Advanta Bank Corp. may slip into Federal Deposit Insurance Corp. (FDIC )receivership, according to its parent company that filed for Chapter 11 bankruptcy protection on Sunday in Delaware.
Advanta Corp., the Spring House, Pa.-based, parent which filed for bankruptcy, warned that it would not be able meet obligations to noteholders of $138 million and its bank holding company may be taken over by the FDIC.
Advanta Bank Corp. "has fallen below regulatory capital requirements and over time Advanta Bank Corp may be turned over to an FDIC receivership," Advanta Corp said in a press released issued on Nov. 8.
Advanta Corp., a credit-card company, has $100 million in cash and equivalents on hand. It said in the press release that the bankruptcy “is intended to address that shortfall in an orderly way that benefits stakeholders most fairly.”
The company has a total of $363 million in assets and $331 million in debt, according to court documents.
"The economic debacle over the last two years devastated Advanta's small business customers and Advanta itself," Dennis Alter, Advanta Corp.'s chairman and chief executive officer said in a press release.
In May, Advanta Bank Corp., which is not included in the Chapter 11 filing, froze customer credit-card accounts, and is attempting to collect $2.7 billion from 360,000 customers.
Advanta filed with the U.S. Bankruptcy Court for the District of Delaware. The company's bankruptcy counsel is Weil, Gotshal & Manges of New York, along with local counsel Richards,
Layton & Finger of Wilmington, Del. Advanta’s financial advisor for the bankruptcy is Julie Hertzberg of Alvarez & Marsal.
Judge Kevin Carey is overseeing the case, filed as No. 09-13931.
In a report on the bankruptcy filing released today, Bank of America Merrill Lynch analysts said
that the most recent developments — on top of the difficult economic environment, the closing of all accounts, higher roll rates and previous workforce reductions at the bank — will continue to place pressure on Advanta Business Card Master Trust's credit performance.
BofA Merrill analysts estimated that the trust's charge-off rate for October will range between 20% and 25% (versus the rate was 22.23% in September).
The October charge-off rate, according to analysts, might be negatively affected by a seasonal month-over-month rise in bankruptcy filings.
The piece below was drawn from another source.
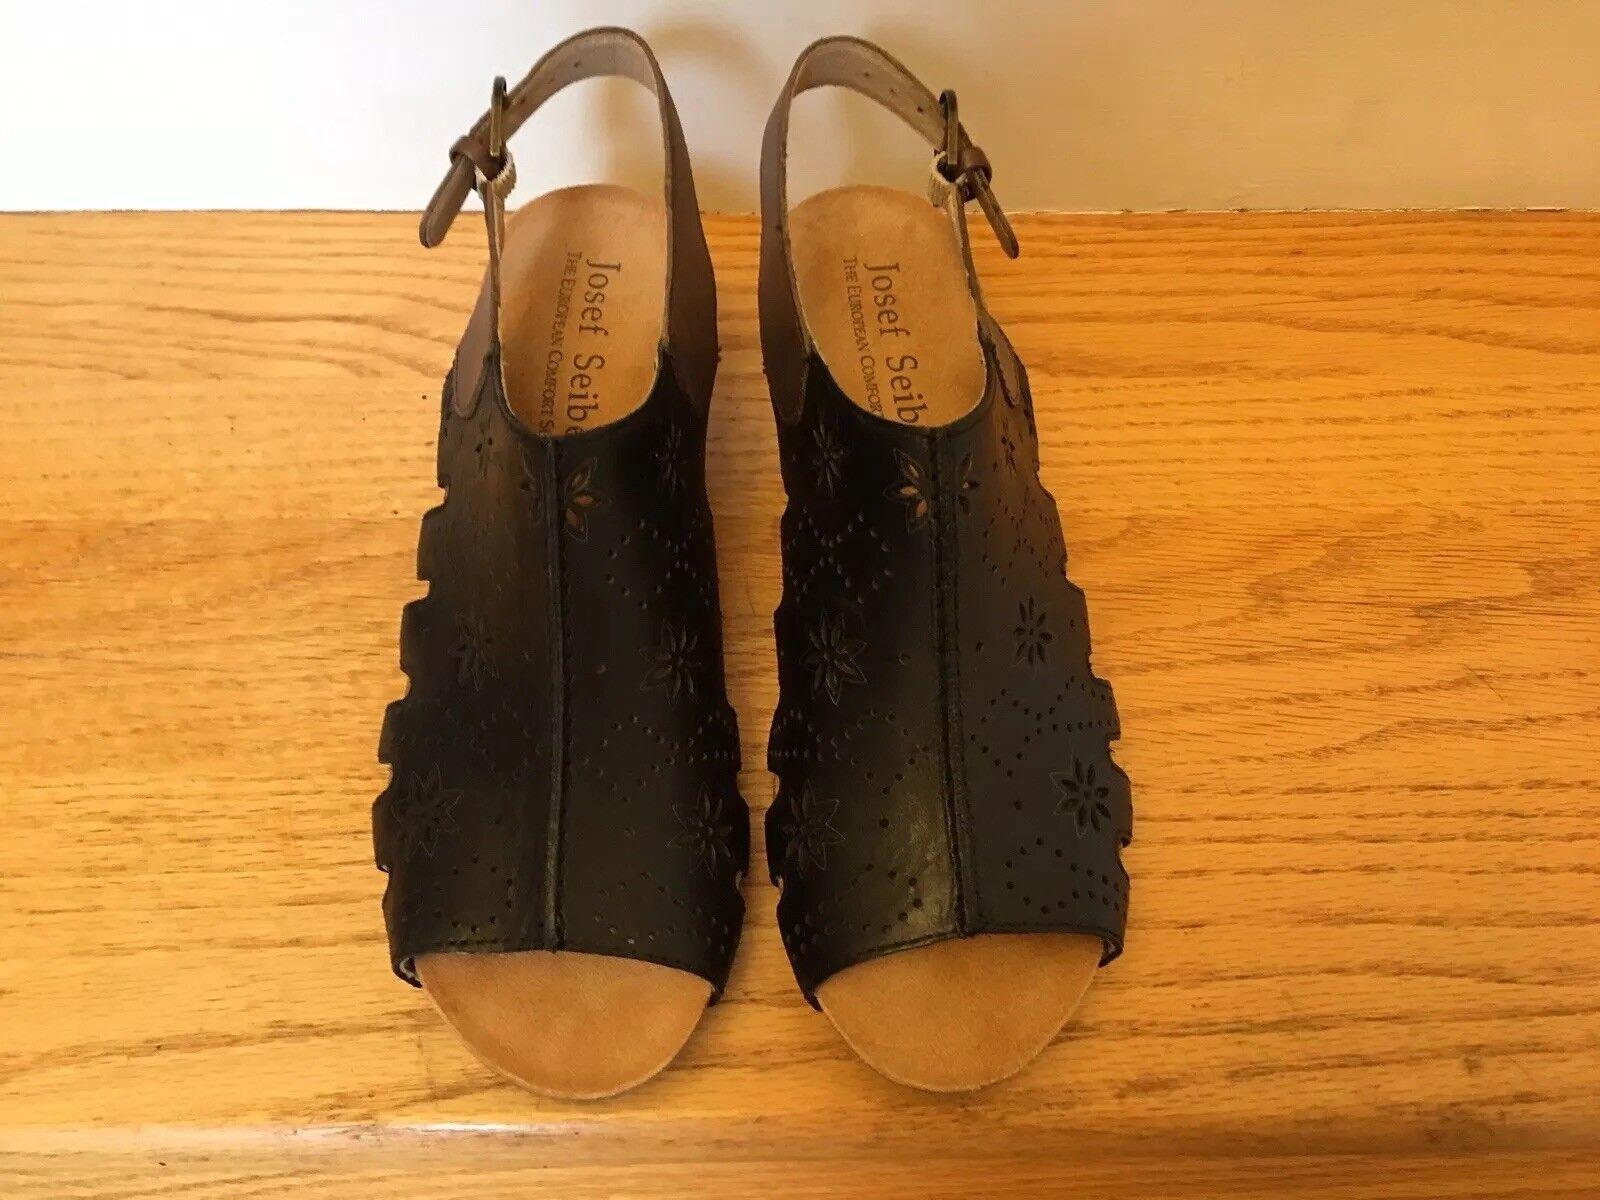 Josef Seibel, Ruth 01 Sandals Black Black Black Leather Size 37M, 6M - 6.5M New without Box a0ef15

Analysts expect finance charges to fall to the low-to-mid-teen level (18.84% in September) and the monthly payment rate to stay close to current levels (4.18% in September).
The Class D notes issued by the trust were completely charged-off in the July collection period. Meanwhile, the Class C notes have experienced cumulative losses of $39 million in total as of the October payment date.
According to BofA Merrill analysts, the receivership of Advanta Bank and not the bankruptcy filing of Advanta Corp, would have a more direct effect on the trust. The former is a pay-out event, which, according to them is a moot point, since a pay-out event occurred in June 2009 as well as a servicer default. If a servicer default happens, noteholders representing more than 50% of the outstanding notes might direct the trustee to terminate the rights and obligations of the servicer and appoint a successor servicer.
Based on the trust documents, BofA Merrill analysts said that the Federal Deposit Insurance Corp. (FDIC) acting as receiver can (a) prevent the appointment of a new servicer, (b) authorize the servicer to stop servicing the receivables, or (c) increase the amount or the priority of the servicing fee because of the servicer.
At a minimum, analysts think that the trustee will need to get the FDIC's approval to appoint a successor servicer and, if a successor is appointed, the servicing fee will probably need to be higher.
The company indicated that Advanta Bank is now collecting $2.7 billion of managed receivables from 360,000 customers, although the cards are not open to new charges. Additionally, the firm believes, BofA Merrill analysts said that the Chapter 11 proceeding will not have any effect on outstanding credit card balances. Customer payment obligations will also continue as scheduled.